> **THE TASK**
Transcribe the lines below exactly. No image belongs in the transcription.

____ DATA EXTRACT

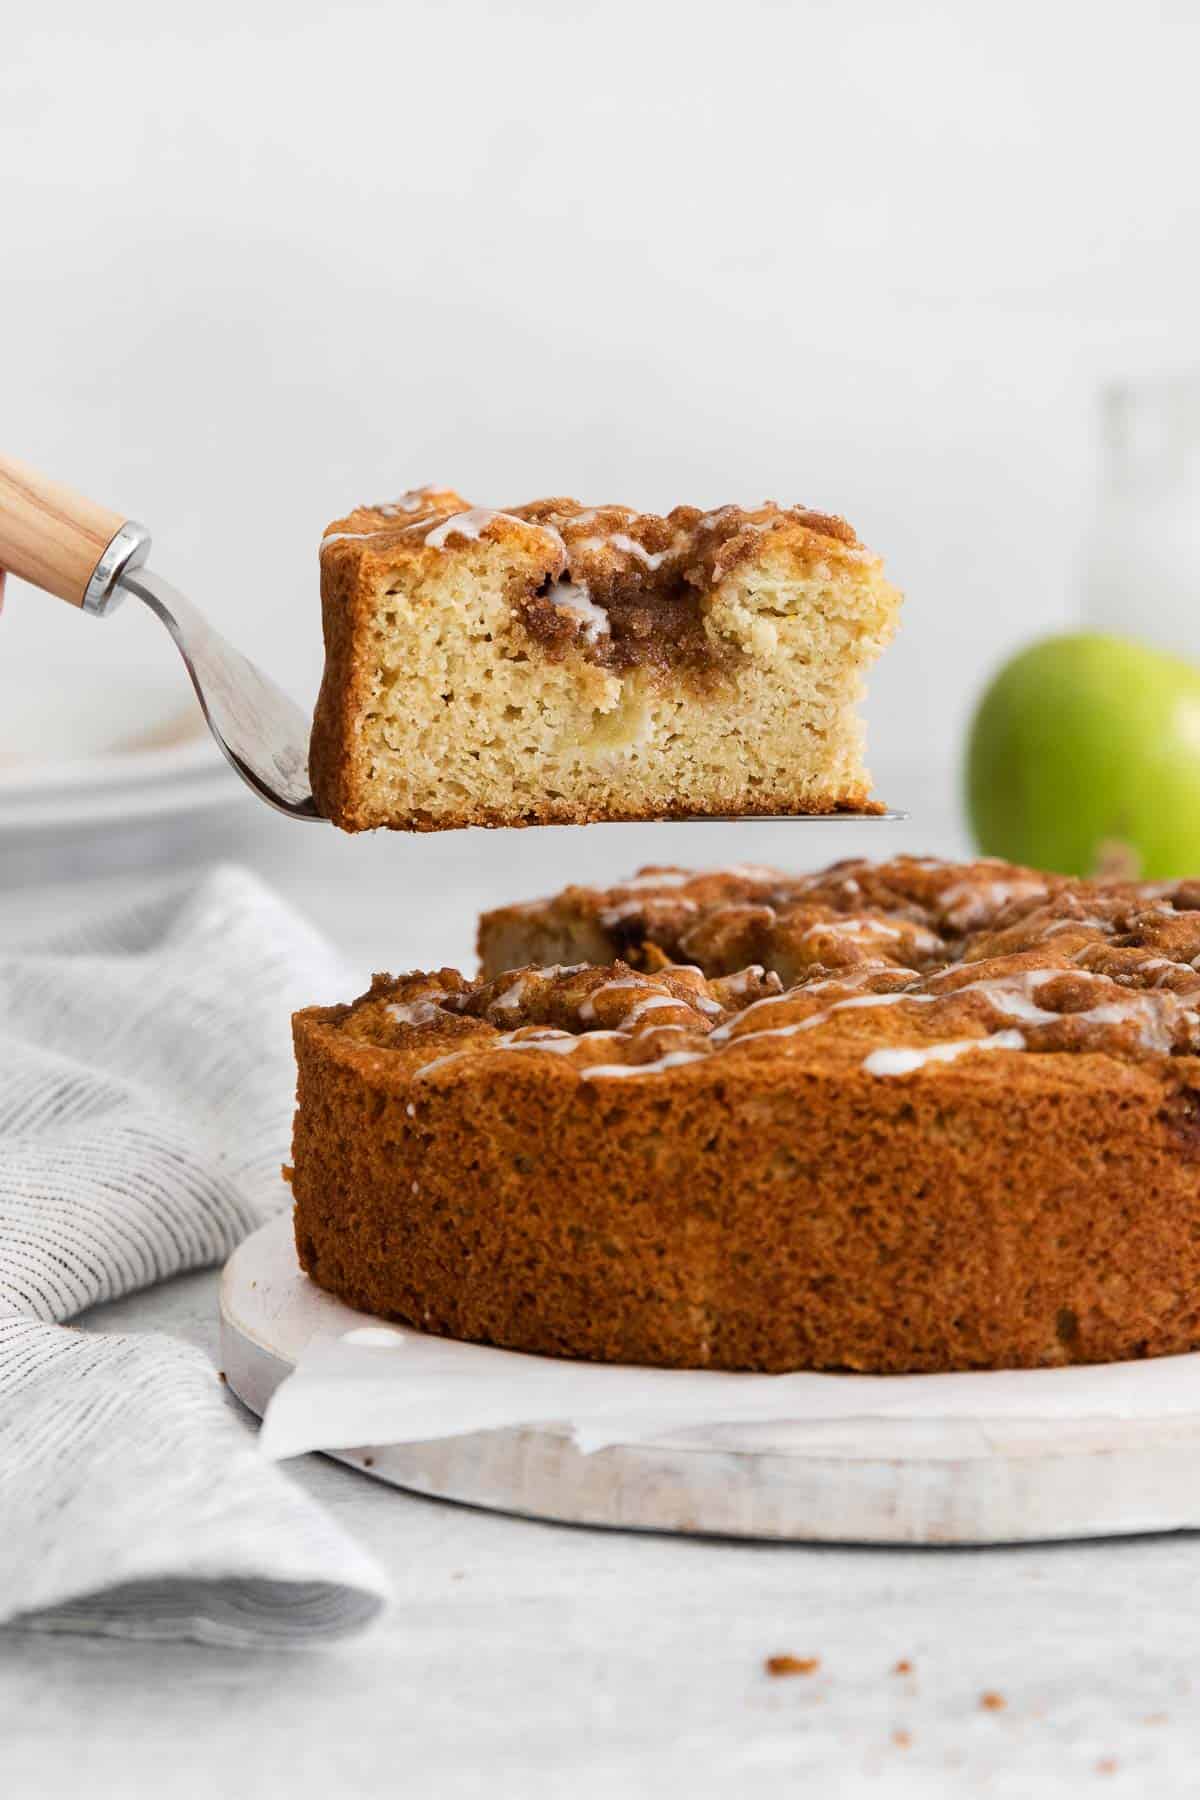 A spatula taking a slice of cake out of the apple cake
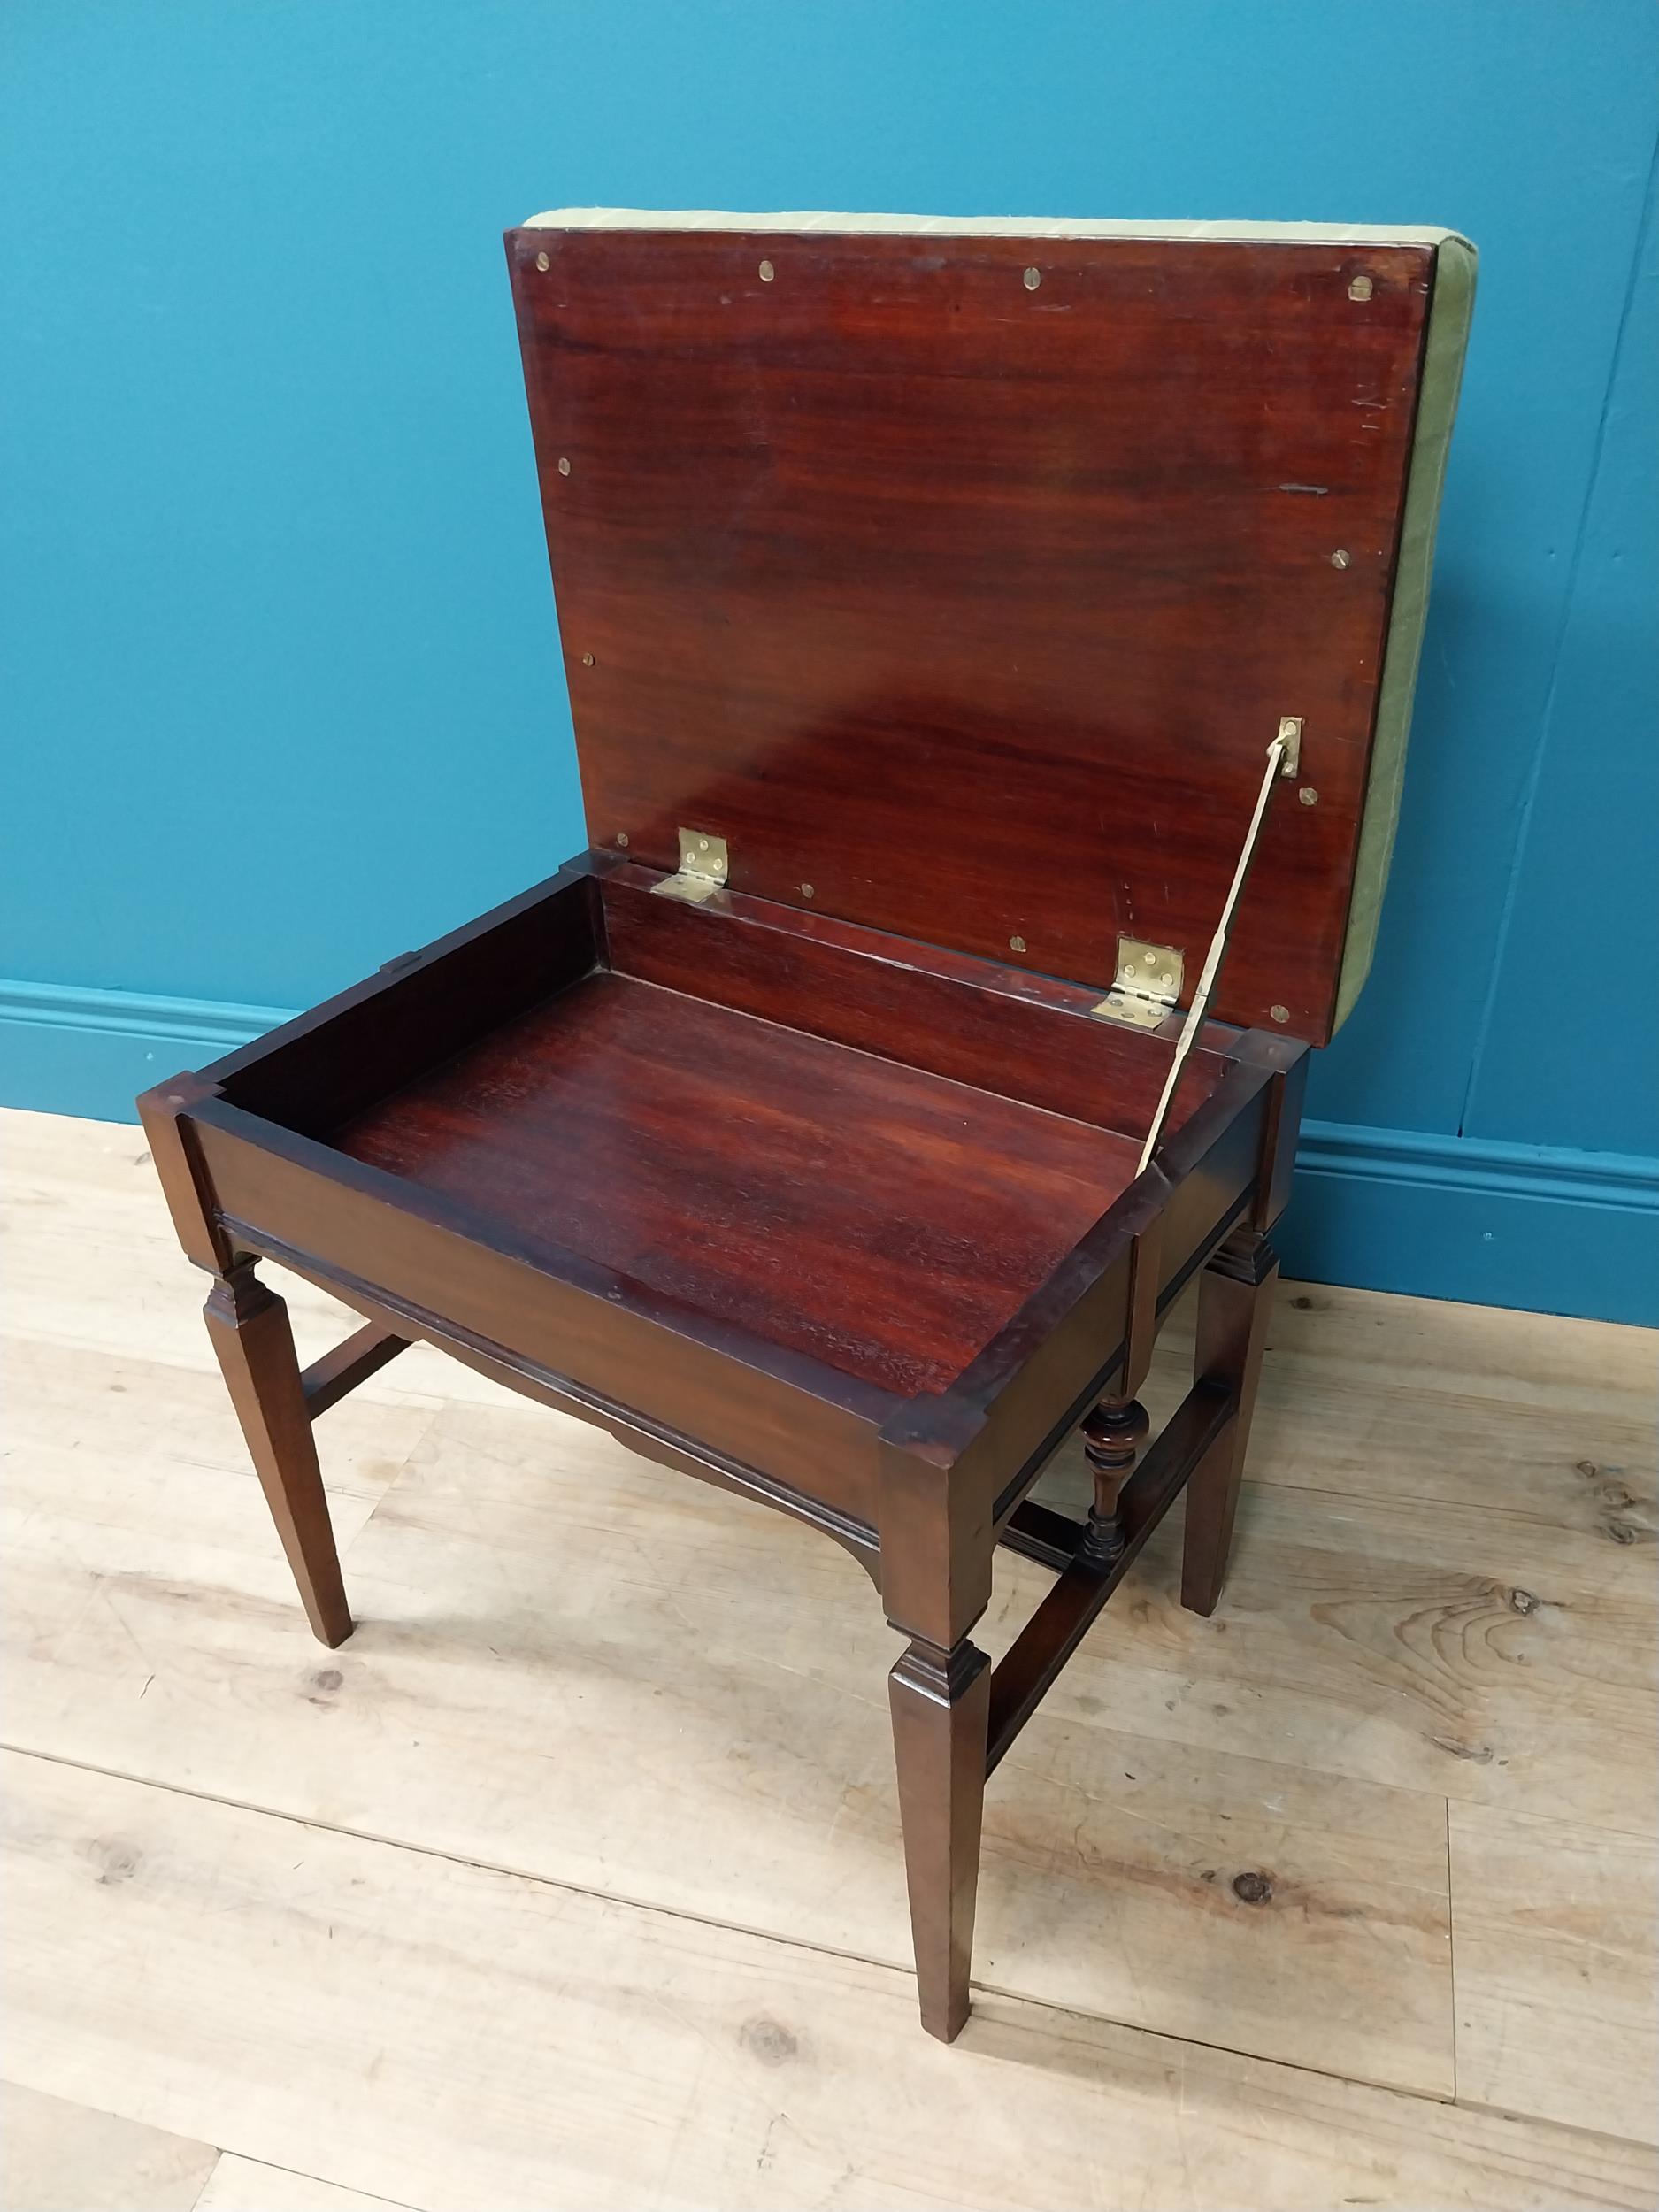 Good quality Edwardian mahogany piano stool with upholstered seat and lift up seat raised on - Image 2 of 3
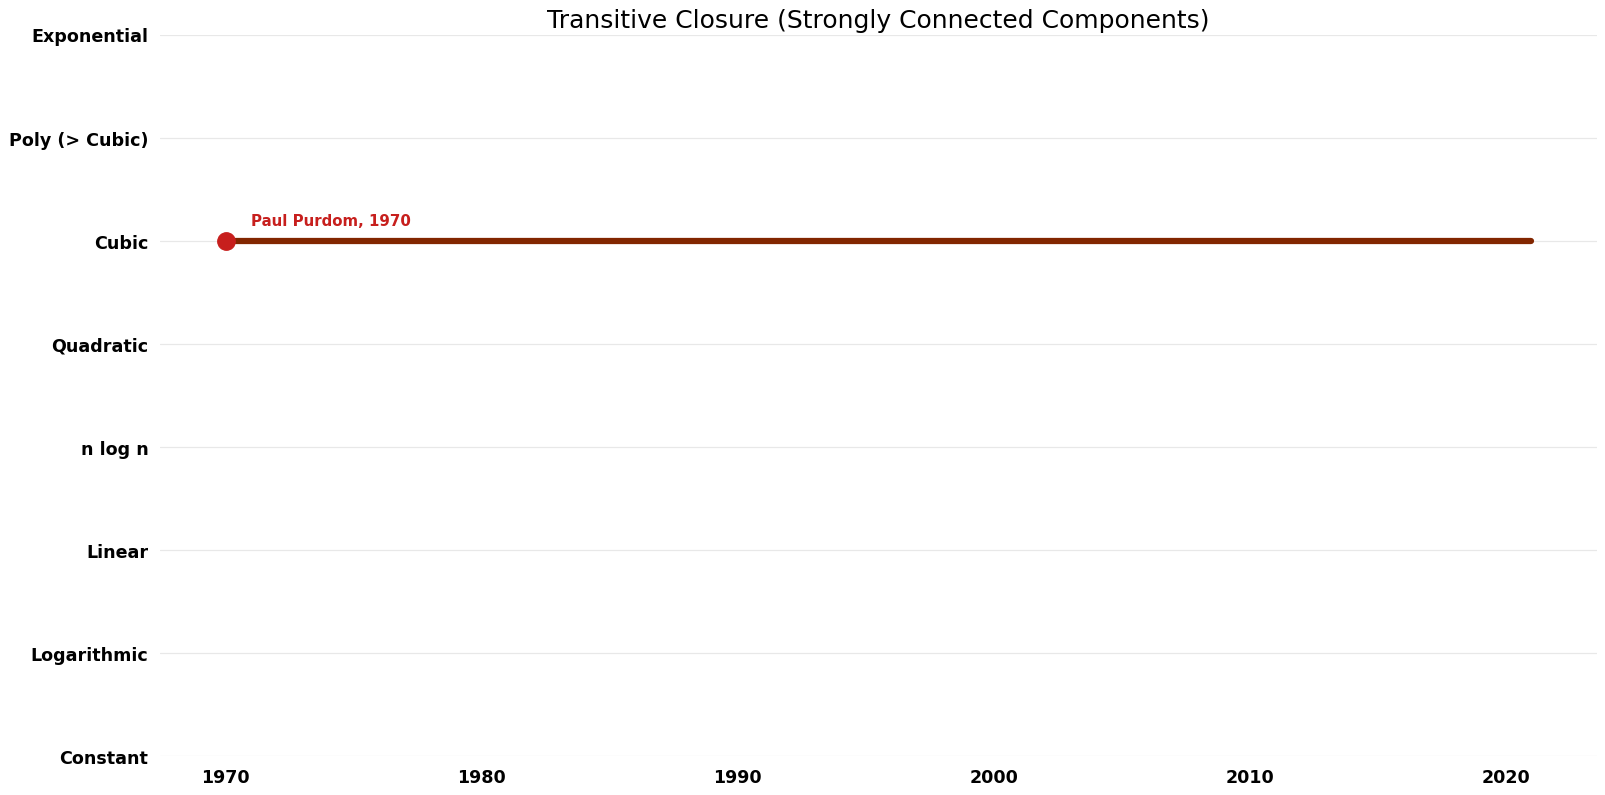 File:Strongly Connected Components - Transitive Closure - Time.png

________

> **PROBLEM SOLUTION**
 A spatula taking a slice of cake out of the apple cake
 Good quality Edwardian mahogany piano stool with upholstered seat and lift up seat raised on - Image 2 of 3
 File:Strongly Connected Components - Transitive Closure - Time.png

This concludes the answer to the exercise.